Rank Intersectionality and Othello
DOI:
https://doi.org/10.18778/2083-8530.30.05Keywords:
colour, Desdemona, Othello, Toni Morrison, rank, whitenessAbstract
As a crucial concept in critical theory, intersectionality satisfies a need within global Shakespeare reception studies. The reason for this is the way it permits cross-currents between conceptions of race and gender in particular; it also allows for an awareness of the historical and cultural location of the audience or reader as distinct from the moment of the production of a particular play. It is therefore fundamentally dynamic and can be further extended via discussions of rank, sexuality or religion. This essay argues for the importance of a lively approach to intersectionality that integrates concerns of race and gender in Othello with social rank in Shakespearean Venice and Cyprus. The article deliberately eschews a psychological analysis of character, insisting that a sense of inwardness, that these stage figures should somehow be treated as though they were real people, is a much later, modern preoccupation.
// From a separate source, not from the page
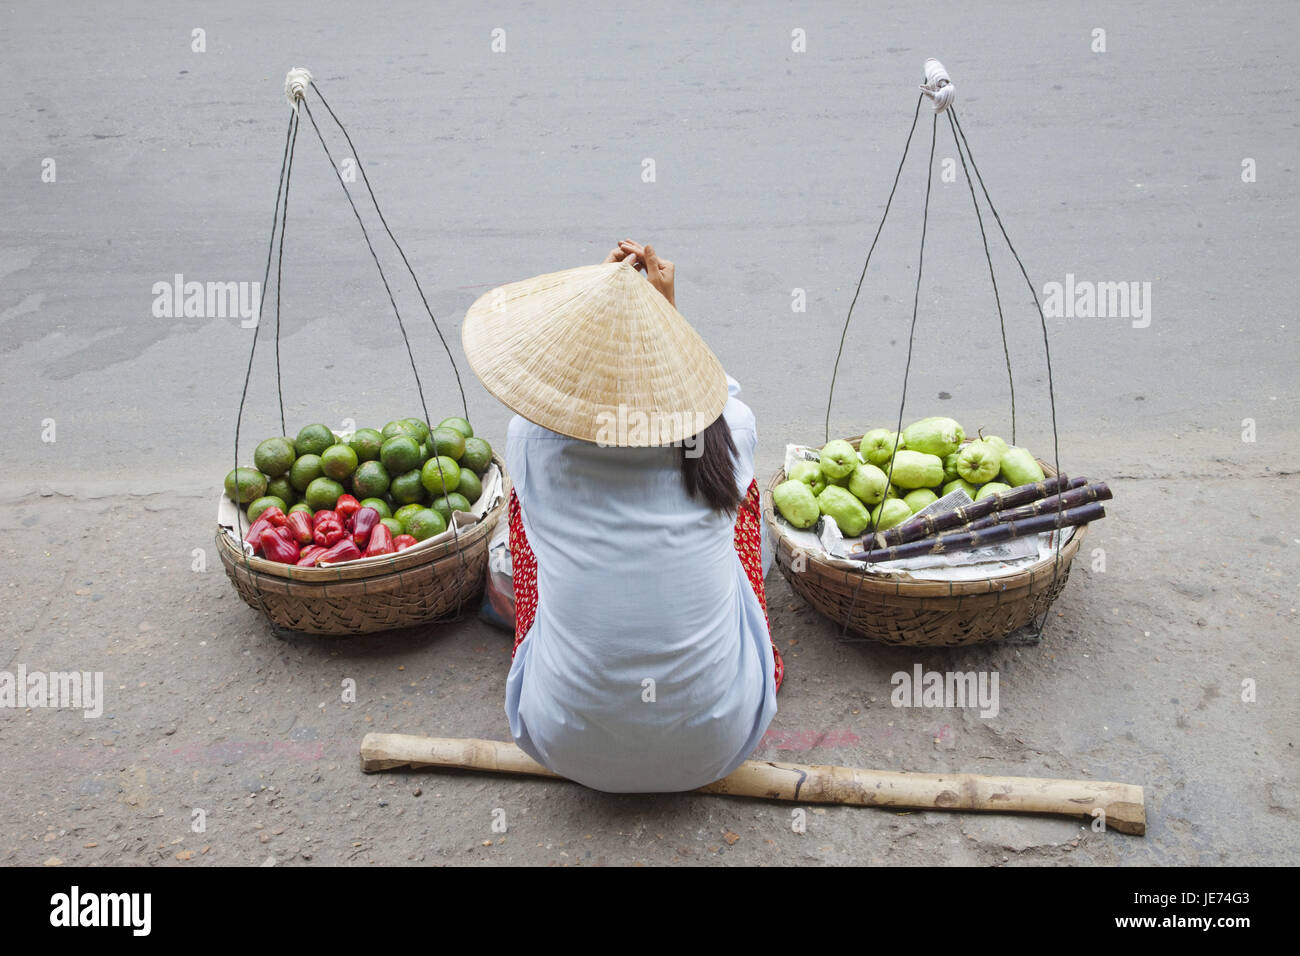 Vietnam, Hoi an In, Old Town, Straßenhändler, Obst-Vertrieb, Stockfoto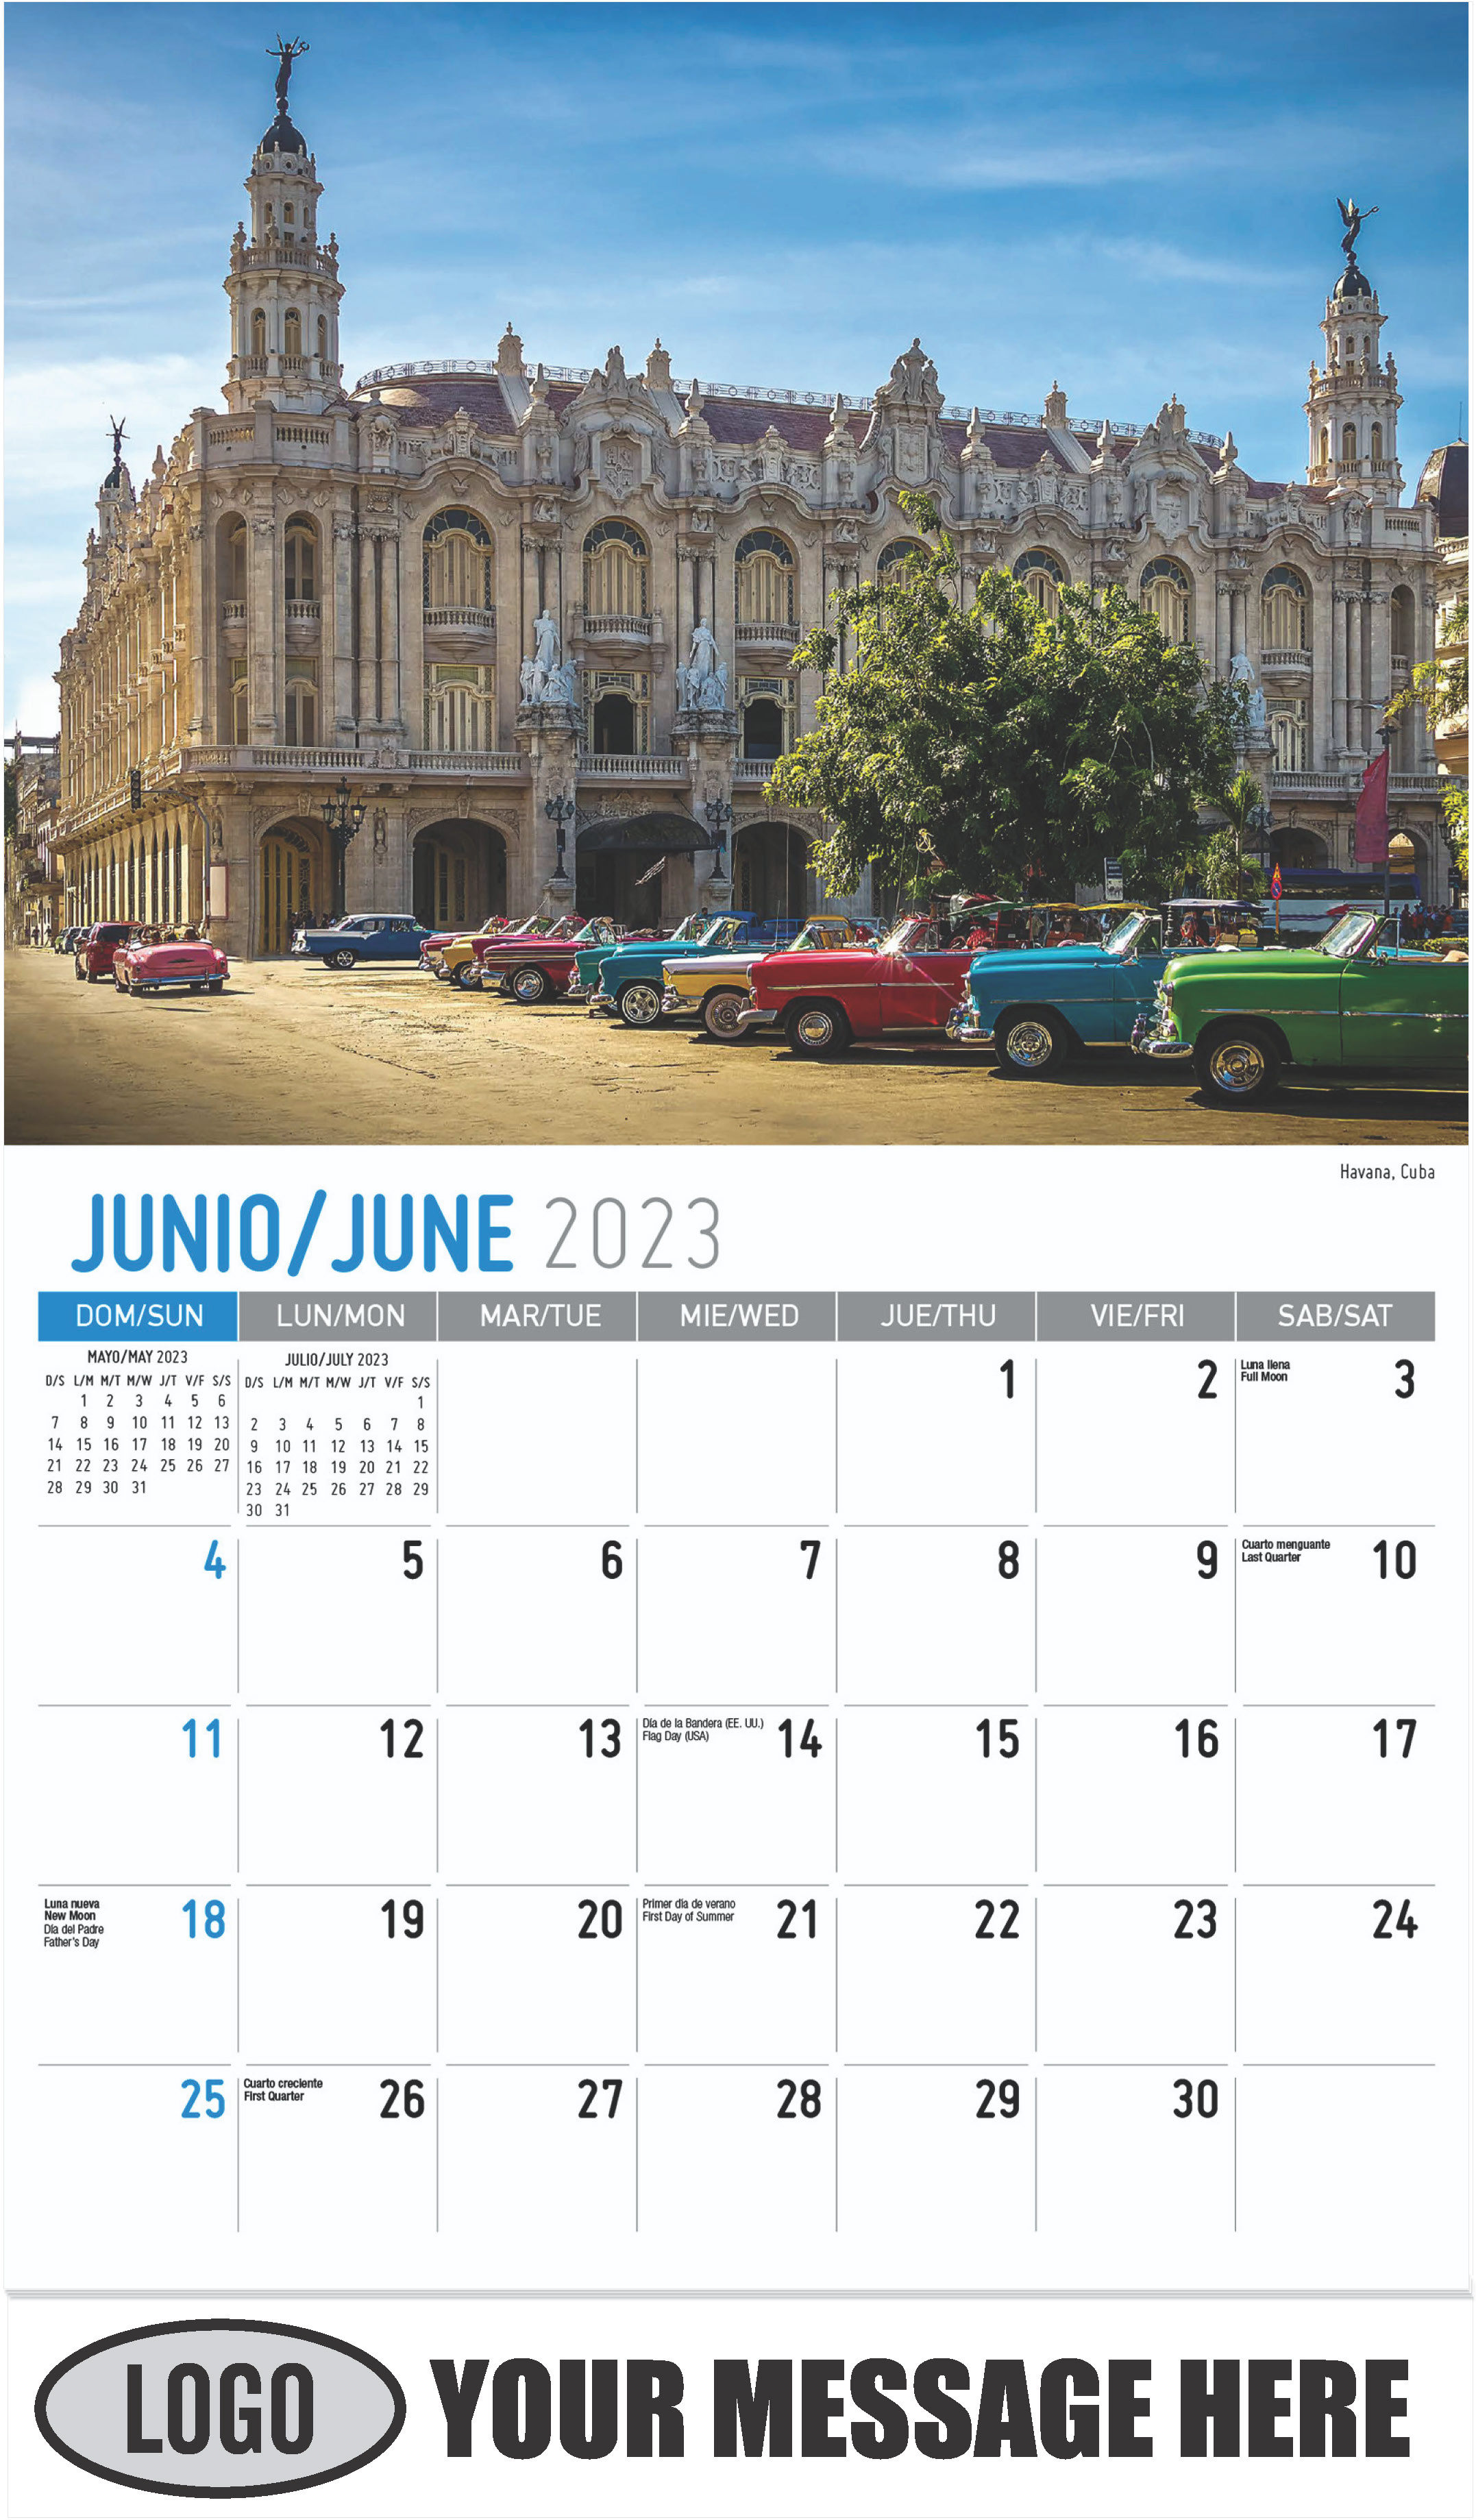 Havana, Cuba - June - Beauty of Latin America 2023 Promotional Calendar

Instead, the play is treated as not only early modern but pre-modern. This is also why there is no treatment of class as such; that too is a much later modern category that carries all sorts of baggage, anachronistic and otherwise. Class is not a sophisticated enough notion to account adequately for the permutations in a society that was obsessed with tiny gradations in rank, dignity and honour. Beginning with reference to Toni Morrison’s conceptualization of modern American literature as predicated on a constructed whiteness, the essay moves by analogy back towards Shakespeare’s drama to the structured interplay between gender, rank and race that is this play. Althusser’s sense of interpellation is revived in order adequately to describe how these positions work to emplace Othello and Desdemona in order to open up the play to a global perspective that accounts for multiple possibilities. The article therefore goes well beyond the old familiar groupings so beloved of character-based criticism, instead insisting on the primacy of social definitions of the positions available to the personages in the play.